Я пробыл в Лионе еще неделю, дожидаясь покупок, которые по поручению маменьки делала м-ль дю Шатле, и посещал ее в течение этого времени гораздо чаще, чем прежде. Мне доставляло удовольствие беседовать с ней о ее подруге, особенно теперь, когда меня не отвлекали от этого мучительные мысли о моем положении, заставлявшие меня умалчивать о нем. М-ль дю Шатле нельзя было назвать молодой или красивой, но она не лишена была некоторой привлекательности; она была доброжелательна, проста, а ум ее придавал этой простоте особенную ценность. У нее была склонность наблюдать характеры и нравы, что помогает изучать людей, и в первую очередь именно от нее я и научился тому же.
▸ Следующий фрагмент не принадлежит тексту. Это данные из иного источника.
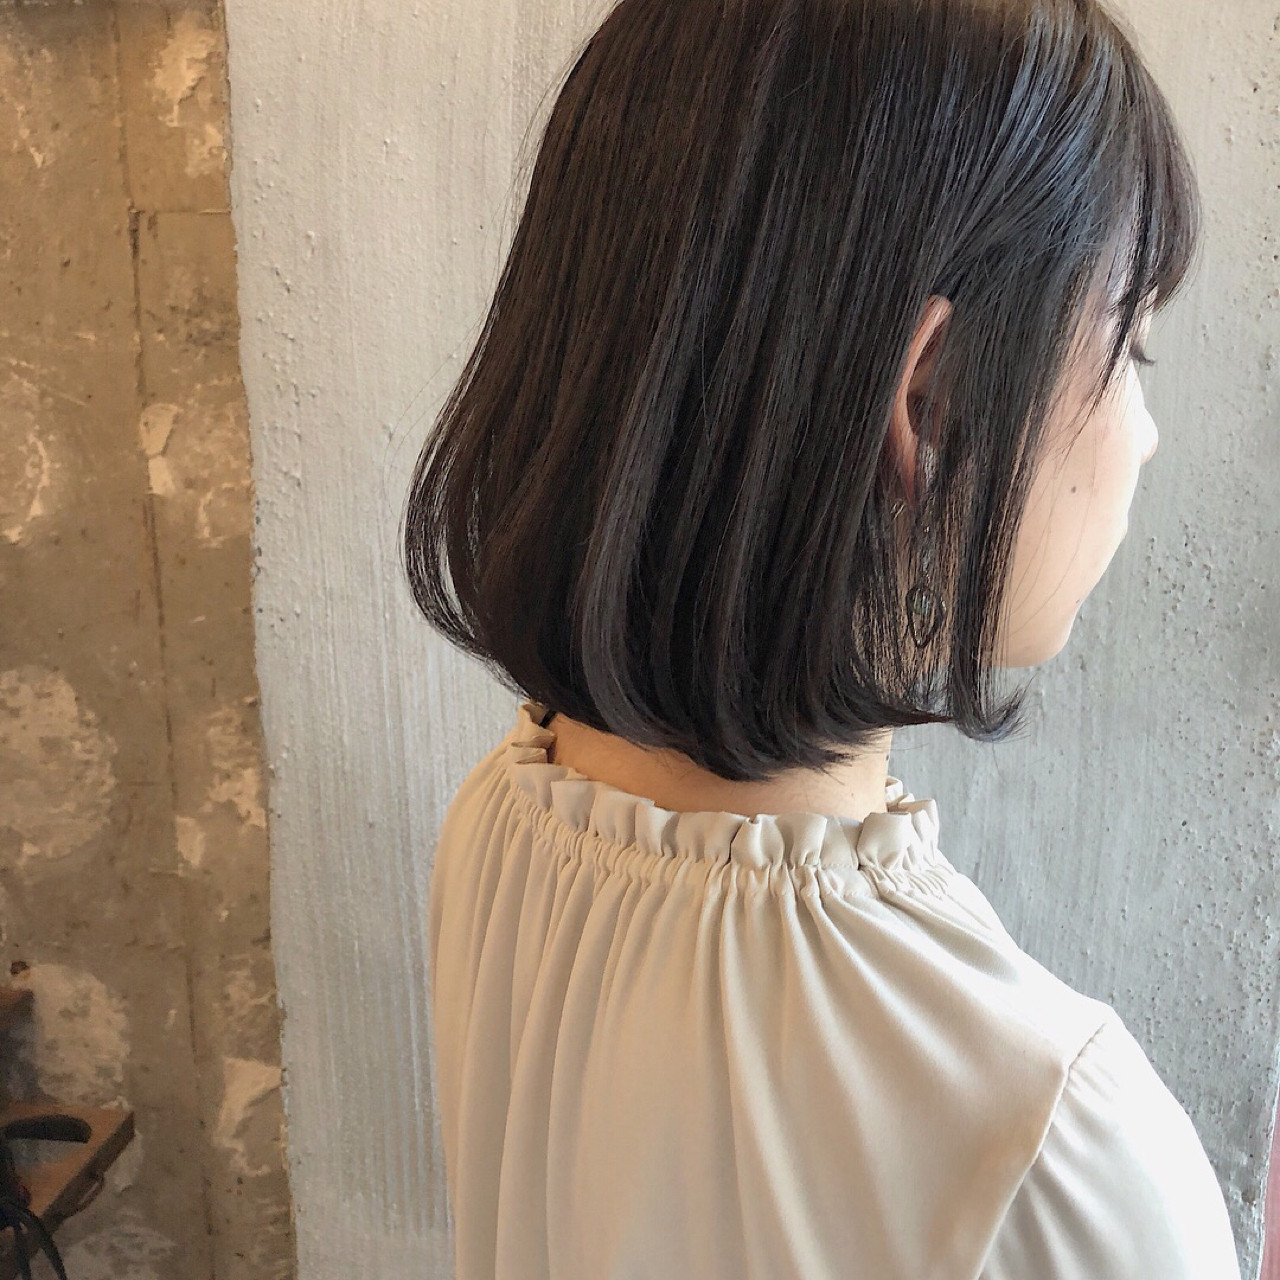 透明感 くすみカラー ボブ 外国人風カラー ヘアスタイルや髪型の写真・画像

Она любила романы Лесажа, в особенности «Жиль-Блаза». Она рассказывала мне о нем и одолжила мне эту книгу; я прочел ее с удовольствием; но я еще не созрел для такого чтения, – мне нужны были романы с пылкими чувствами. Таким образом, я проводил время у камелька м-ль дю Шатле, соединяя приятное с полезным; не подлежит сомнению, что интересная и разумная беседа с достойной женщиной скорее дает молодому человеку должное направление, чем педантичная философия, изложенная в книгах. В Шазотте я познакомился еще с другими пансионерками и их подругами, между прочим с одной молодой особой лет четырнадцати, некоей м-ль Сэрр. В то время я не обратил на нее особенного внимания, но лет через восемь или девять страстно в нее влюбился, что вполне понятно, так как это была очаровательная девушка.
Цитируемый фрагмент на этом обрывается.